Johnny Was is an Irish/English gangster movie directed by Mark Hammond, written by Brendan Foley, and made in 2005 by Ben Katz Productions, Borderline Productions and Nordisk Film. It was released in the UK in 2006 by Sony Pictures and in the US by First Look Studios.

==Synopsis==
Johnny Doyle escapes a violent past as a Provisional IRA volunteer in Ireland to lie low in London, until his former mentor Flynn breaks out of Brixton Prison, members of a dissident republican group they are hellbent on derailing the Irish peace process with a few well-placed bombs. Unable to escape Brixton, they find themselves trapped together in Johnny's anything-but-safe safe house, sandwiched between a friendly Rastafarian reggae pirate radio station upstairs and a local Yardie, heroin-dealing gangster Julius, downstairs.

As the charismatic Flynn finds some common criminal ground with the Yardies, Johnny fights to realize a peace process of his own but makes the mistake of falling for Julius's girlfriend Rita, sparking an all-out war.

It is a London-based thriller in the vein of The Long Good Friday, in which questions of race, morality, identity and loyalty play out against a soundtrack of reggae, rock, new wave, soul and drum and bass.

==Cast==
- Vinnie Jones - Johnny Doyle
- Eriq La Salle - Julius
- Patrick Bergin - Flynn
- Samantha Mumba - Rita
- Lennox Lewis - Ras
- Wilson Jermaine Heredia - Sparra
- Roger Daltrey - Jimmy

==Production notes==
Johnny Was was principally financed by Ben Katz Productions, the Northern Ireland Film and Television Commission, the Irish Film Board, and Nordisk.

The scene set in Brixton Market was actually filmed at Smithfield Market in Belfast. Many of the other shots were taken in various locations around Northern Ireland.

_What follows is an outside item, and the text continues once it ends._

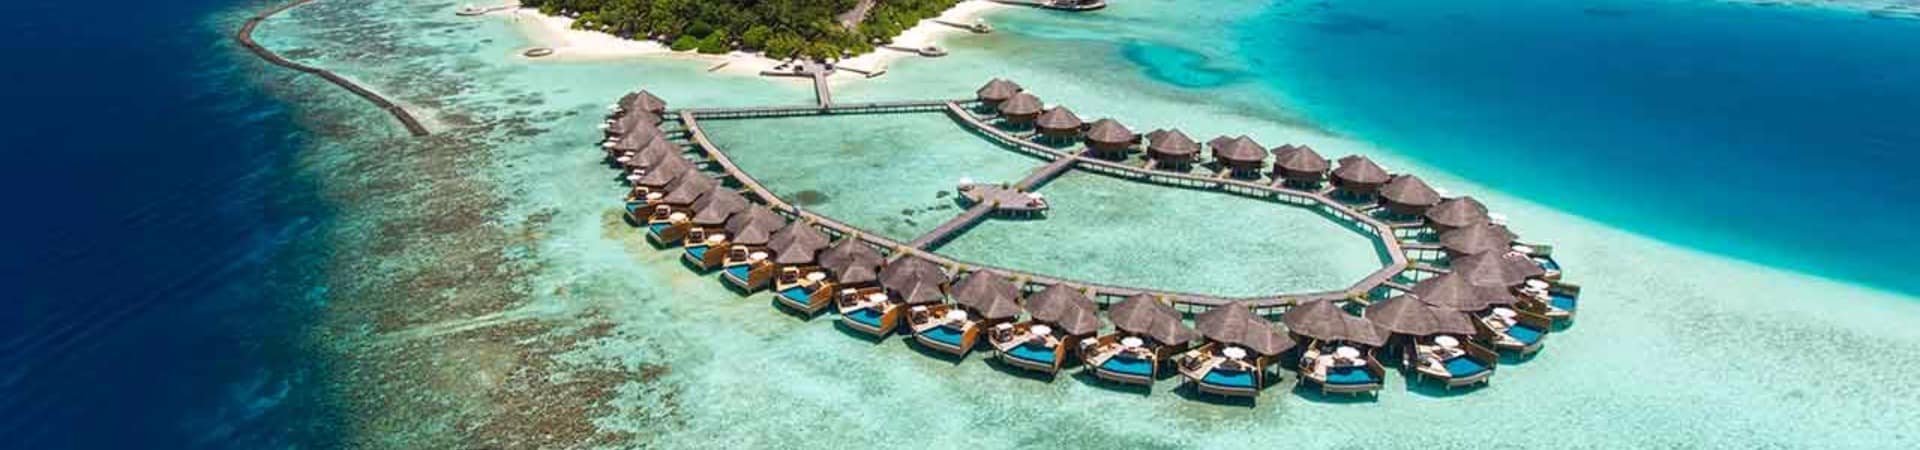 baros maldives vista aerea
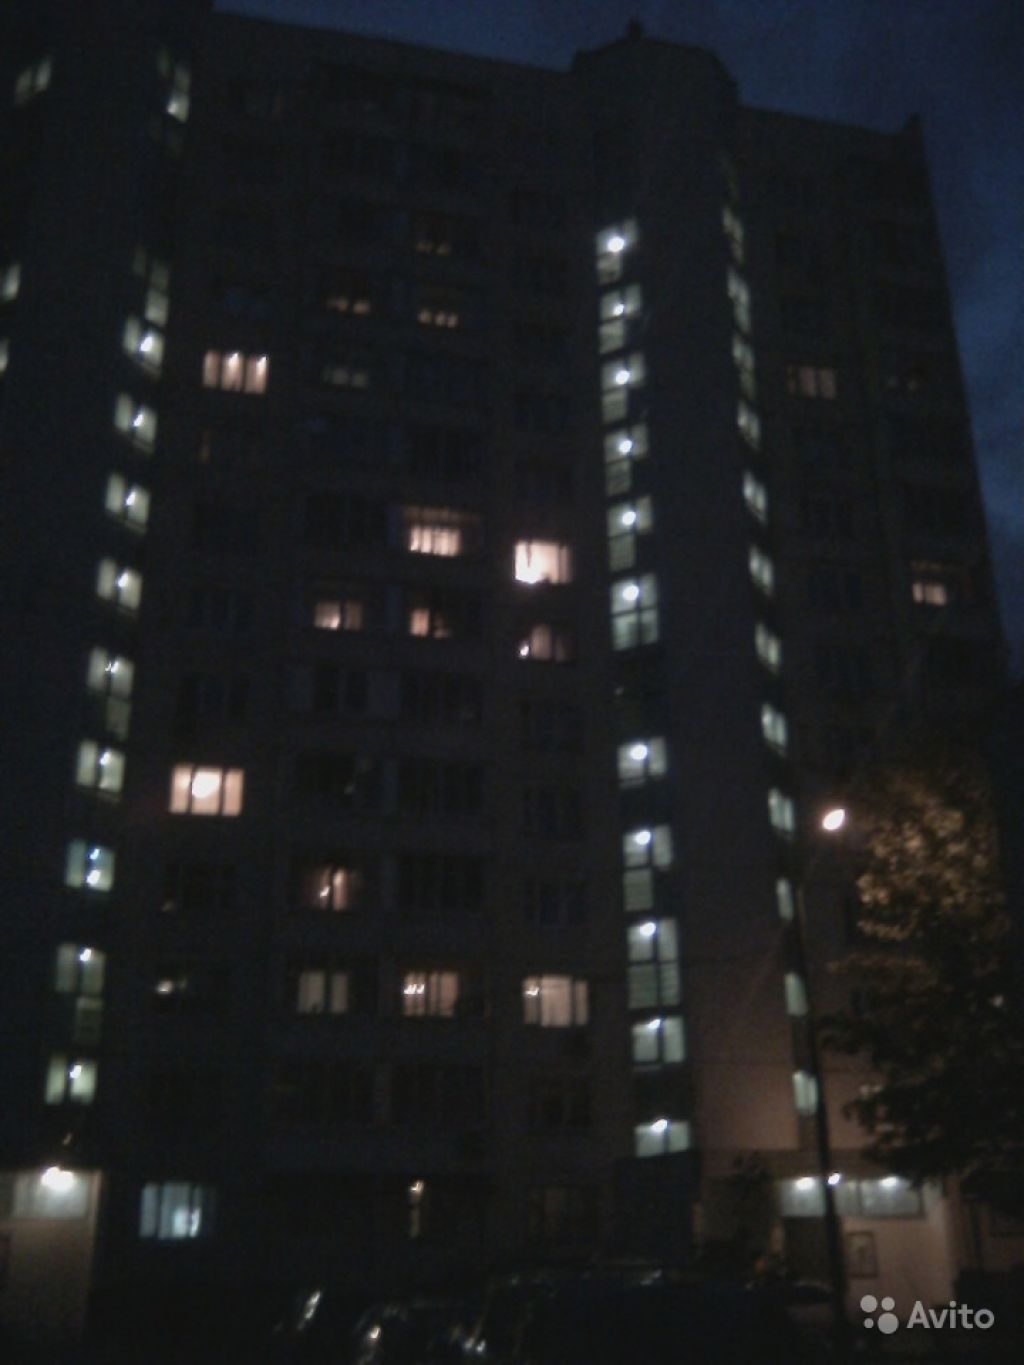 Сдам квартиру 1-к квартира 38.6 м² на 2 этаже 14-этажного блочного дома в Москве. Фото 1

Lisburn railway station was used as a substitute for Brixton railway station.

Roger Daltrey, the lead singer of The Who, played Jimmy Nolan. Patrick Bergin had previously played a member of the Provisional Irish Republican Army in Patriot Games.

==Reception==
Variety gave a good review to the original reggae soundtrack by Adrian Sherwood.